Kyra marveled at the overwhelming sight of water and sky, both deep and saturated, each slightly different in hue, the blue colors blanketing everything with a mystical sense of calm and order. A stiff north breeze chopped the surface, which had little effect on the thrust from the triple outboards against the fiberglass hull. She’d rented the speedboat at a marina on the southern shore, one that catered to high rollers who loved to use Lake Baikal as their personal playground. Hers was a little over ten meters long and came with enough power to send the boat streaking across the surface at nearly fifty knots.

She stood at the center console, the wheel tight in her hands, and spotted another long narrow muscle boat about half a kilometer away. She yanked back on the throttle and brought her engines to neutral, then switched them off. Their roar faded until the only sound was the distant hum of the other boat. She grabbed her backpack, found the smoke grenades, and pulled two pins. They ignited, sending a dark plume up into the late-afternoon sky. From everything she’d read about the occupant of the other boat he should react to the sign of a fire. Part of his egotistical gallantry.

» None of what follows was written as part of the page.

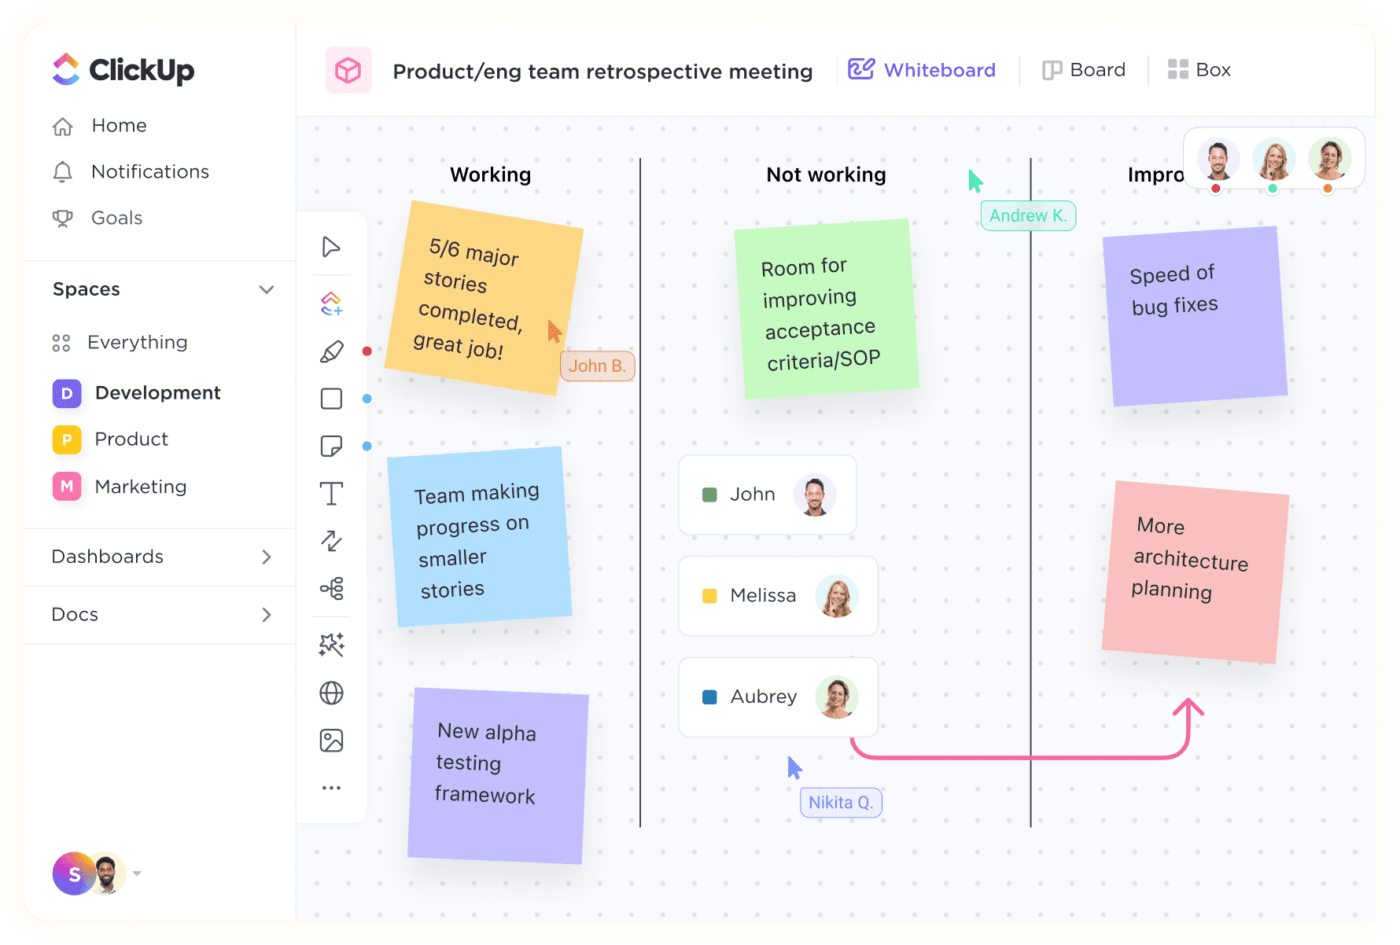 Streamline communication and ship projects faster with ClickUp Whiteboards. Brainstorm, plan, strategize, and communicate with your team in real-time

But the other vessel kept going.

She added a third grenade that generated more smoke.

The other boat turned and sped her way.

Finally. As predicted.

She prepared herself, unzipping her leather jacket and allowing it to hang open, revealing her tight toned body. More of her intel pegged the target as a rich narcissistic playboy who’d managed to make billions off copper mining with dabbles into agriculture, construction, and telecommunications. In Russia that success meant this oligarch had political connections, ones that surely reached deep into the Kremlin.

Which advised her to proceed with caution and make no mistakes.

The other boat approached and slowed, pressing against its wakeand easing up alongside. The lone occupant matched the photograph she’d been sent of Samvel Yerevan. Medium height. Coils of coal-black hair atop a muscular frame. An Armenian who’d relocated to Russia after the fall of the Soviet Union. There, he’d become enormously rich then reconnected with his Armenian homeland, buying a seat in the national parliament for his brother, eventually elevating him to prime minister. Net worth? In the five-to-eight-billion-euro range. A few international magazines labeled him the richest ethnic Armenian in the world. A title he reportedly cherished. He lived outside of Moscow in a palatial estate. Married, with five children. But that did not stop him from enjoying a variety of mistresses.